Formed as an American Reformed church just days after the Great Chicago Fire, the Irving Park Reformed Church had a loosely Dutch character, although an 1874 book on Chicago’s suburbs described it as “denomination doubtful” with “no nucleus of a denominational organization”. That denominational vagueness likely stemmed from its initial position as Irving Park’s only church–hard to be too doctrinaire when you’re the church for the whole town. Early pastors included A.T. Gulick, A.G. Lansing, A.H. Van Vranken, Jesse W. Brooks, and Frederick P. Baker, and the church was deeply involved in the temperance movement. 

Growing alongside the neighborhood, in 1908 the church hired Jensen to expand their building, tasking him with solving “the problem of transmuting a wooden building into one of stone”. Cost savings presumably drove the decision to build around the old wood frame church, and the Irving Park Reformed Church became an example to other congregations looking to creatively reuse church buildings they’d outgrown. 

While it maintained a tenuous affiliation to the American Reformed church for its first few decades, in 1913 the 376 members of the church officially severed ties with that denomination, joined the presbytery, and became the Irving Park Presbyterian Church. 

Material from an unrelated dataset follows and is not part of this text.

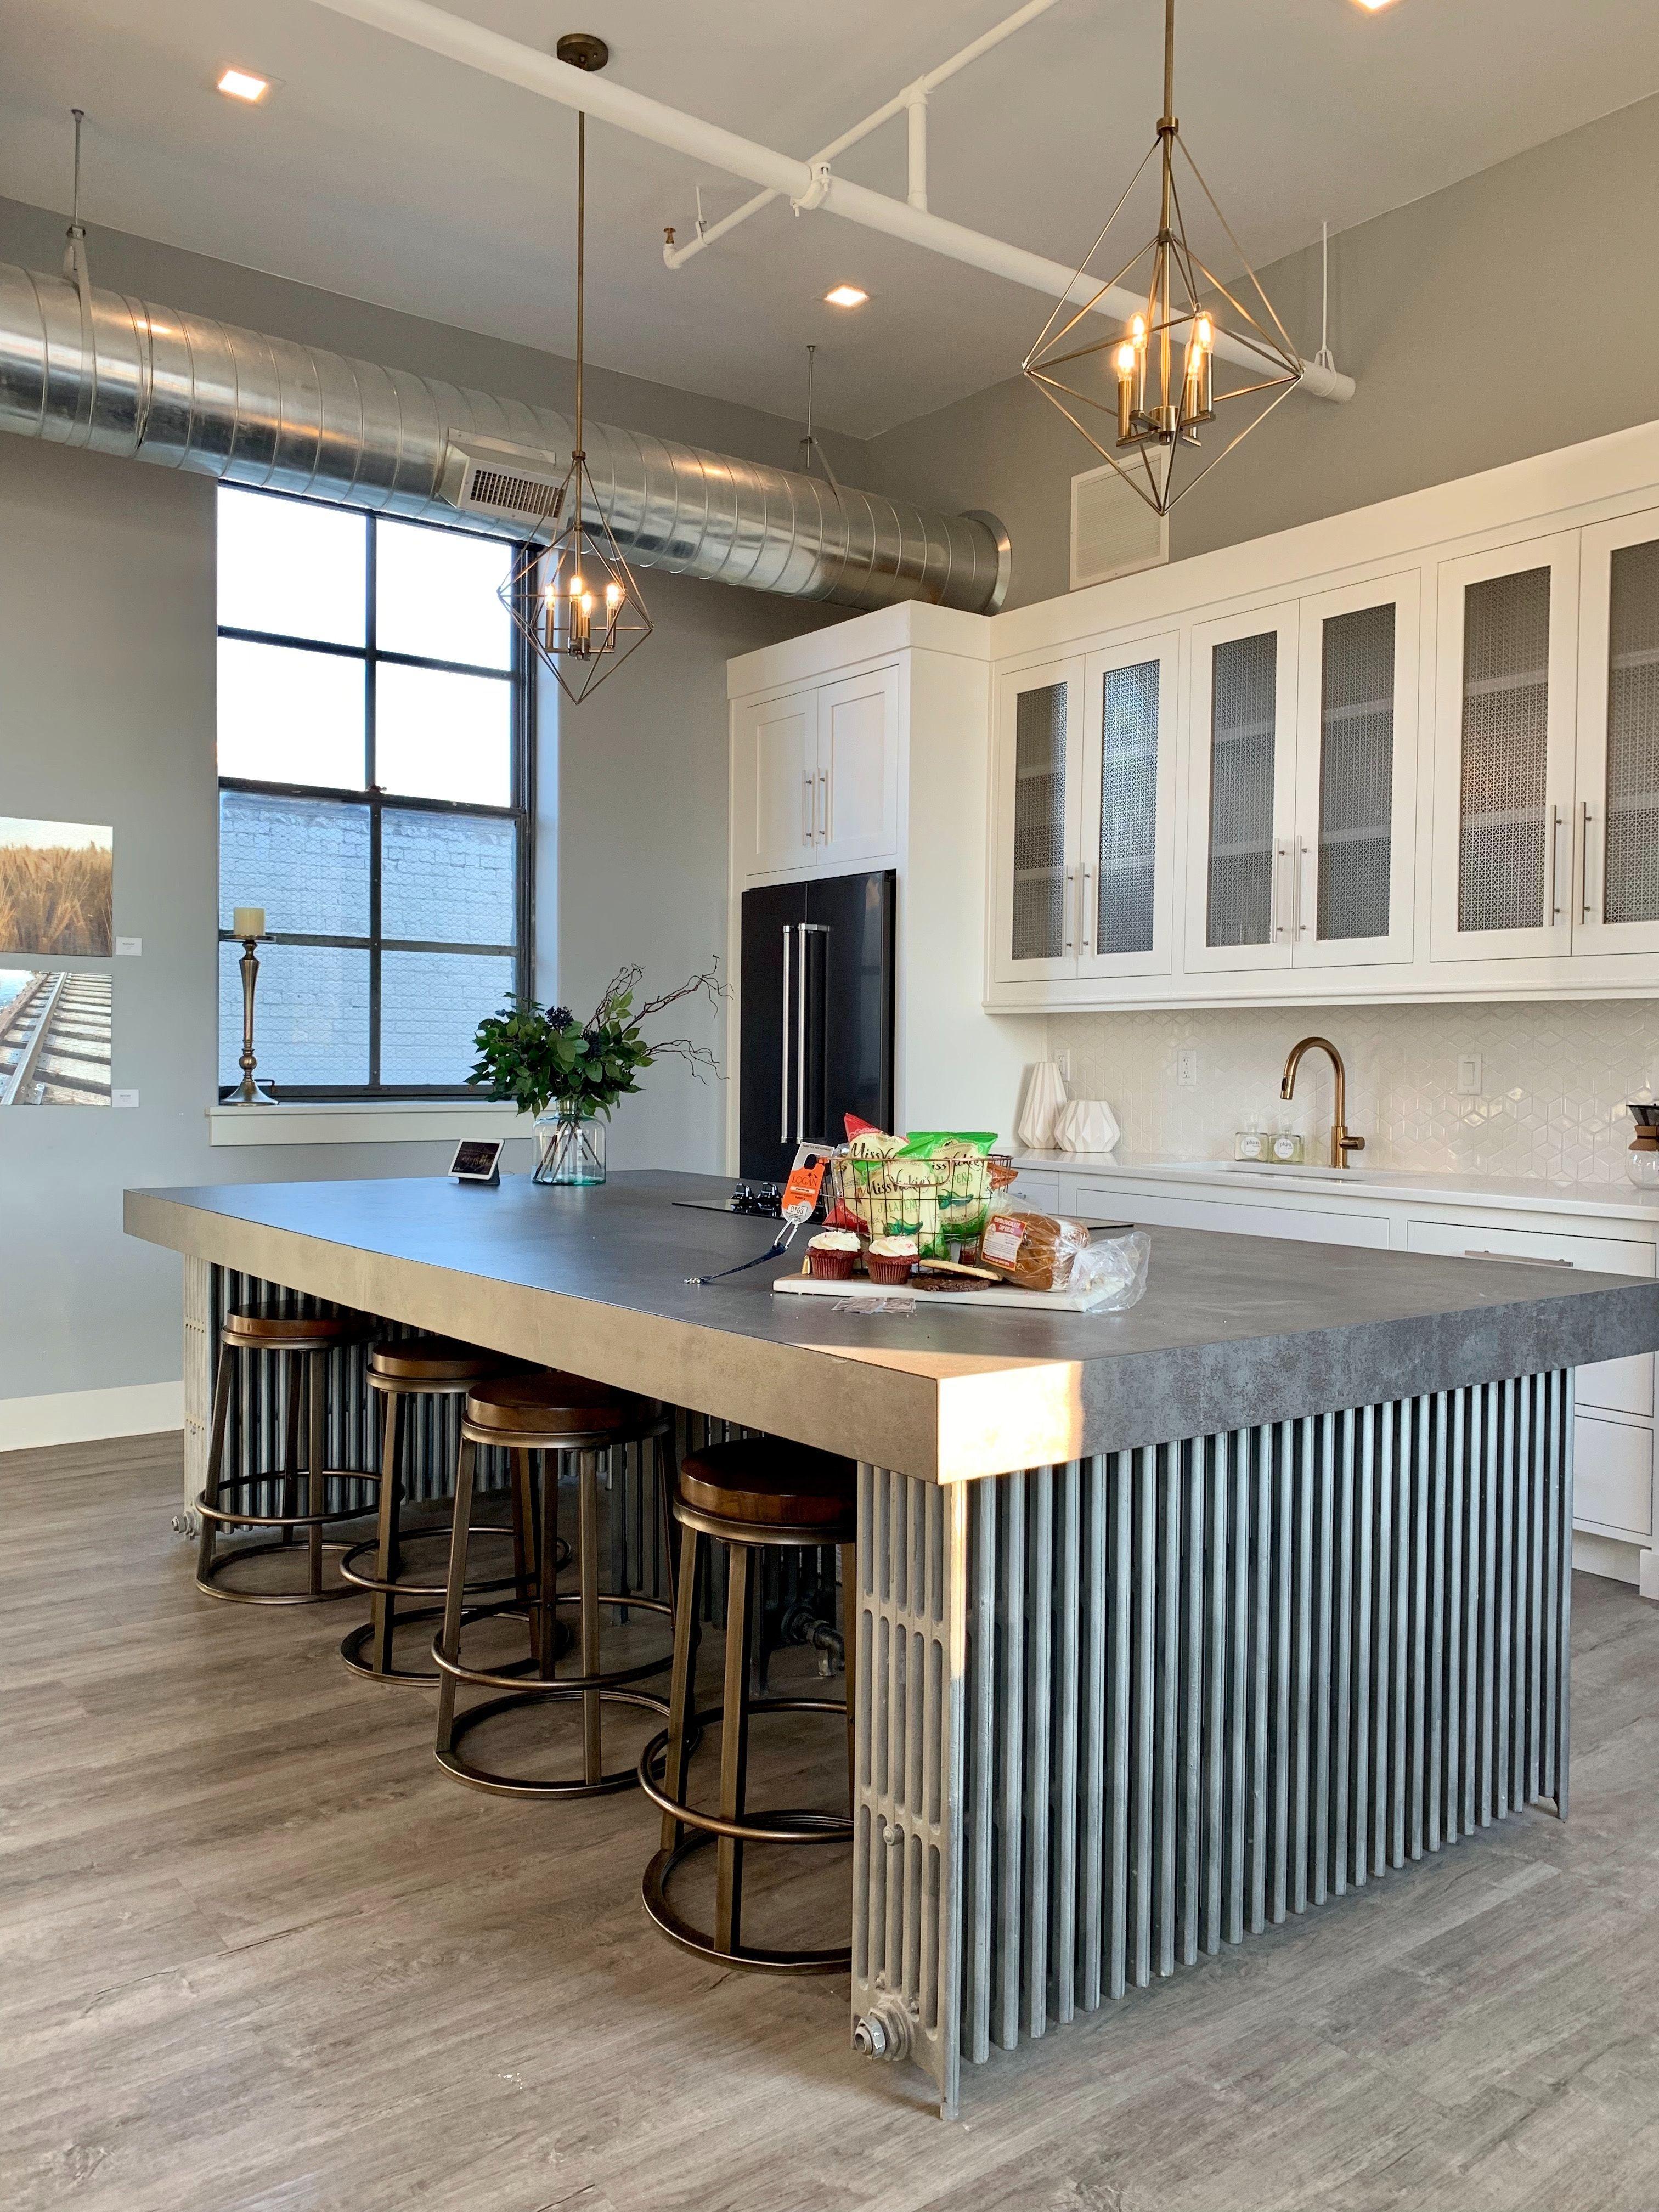 Rustic Modern kitchen decor ideas | Contemporary kitchen ...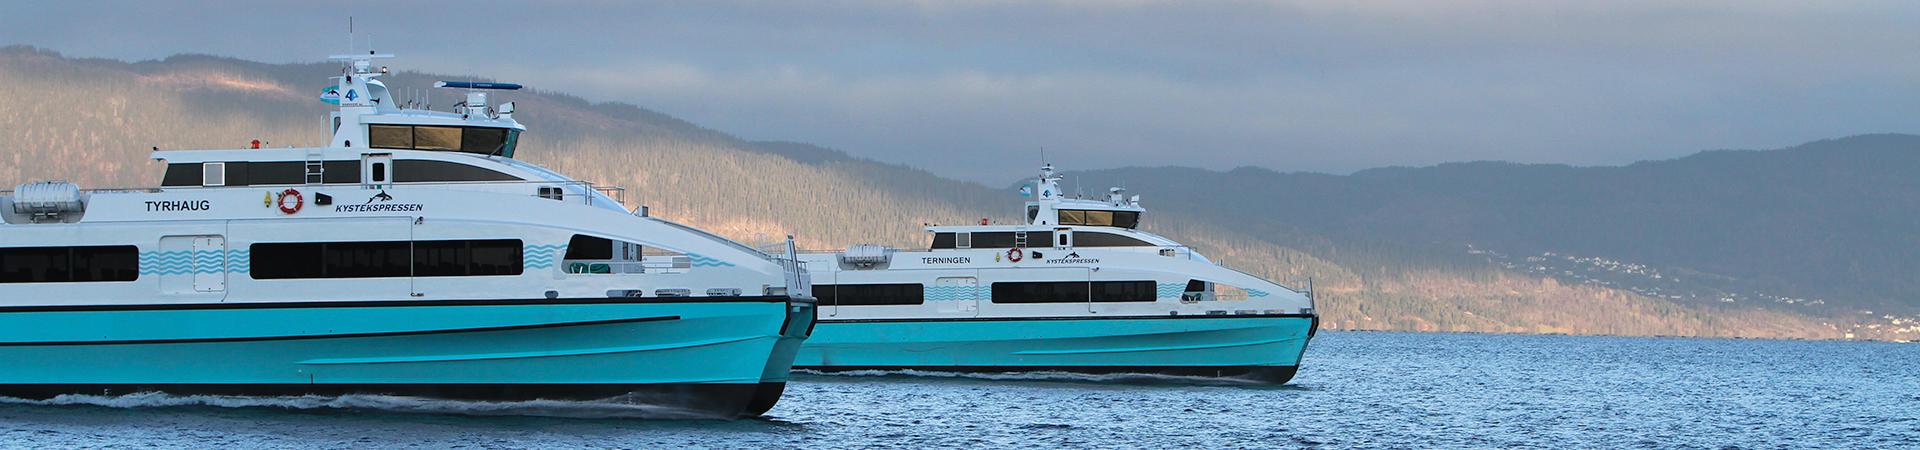 Verdens mest miljøvennlige hurtigbåter

The church lost its parsonage to the construction of the Kennedy in 1955, complicating their hunt for a new pastor at the time–they had nowhere for him to live. The clearances for the highway also cut a swathe through Irving Park Presbyterian’s neighborhood and likely immediately displaced parts of the congregation. While the building escaped demolition for the highway, over the longer term the highway suffocated the church anyway–squeezed up against the viaduct, the church was cut off from the southern half of the neighborhood, and began to shrink. 

In 2001 the dwindling congregation of the Irving Park Presbyterian Church moved out of their longtime home and merged with the Carter-Westminster United Presbyterian Church. A Korean church, Fullness Presbyterian, moved in for a few years until they decamped to the northwest suburbs, and then an African Methodist congregation moved in. The church’s unique steeple–highly visible just a few feet from the highway–was restored in 2018.

Production Files

Further reading:


Keeler Avenue only received that name later–when this church was built it was Irving Avenue, and when Jensen renovated it the street was 42nd Ave.


Architect Henry Rehwoldt was born Heinrich Rehwoldt in 1833 in Lübeck in what was then the Grand Duchy of Mecklenburg-Strelitz. A resident of Irving Park with his office downtown, like most architects active in Chicago in the 1860s and 1870s, the vast majority of Rehwoldt's buildings have been demolished.


Elmer C. Jensen may have been "the Dean of Chicago Architects" and his care for his firm's archives (he donated Jenney, Mundie & Jensen's papers to the Art Institute) was admirable...but I hate the house he designed for himself in Irving Park. What on earth is that portico?!

A few Mundie & Jensen buildings are protected Chicago landmarks, including the Episcopal Church of the Advent in Logan Square (now apartments) and the West Town State Bank at Madison & Western.


For a while there, every ten years a church received an article in the newspaper.


Unsurprising for a Dutch Reformed congregation, the Irving Park Reformed Church did NOT like alcohol or revelry.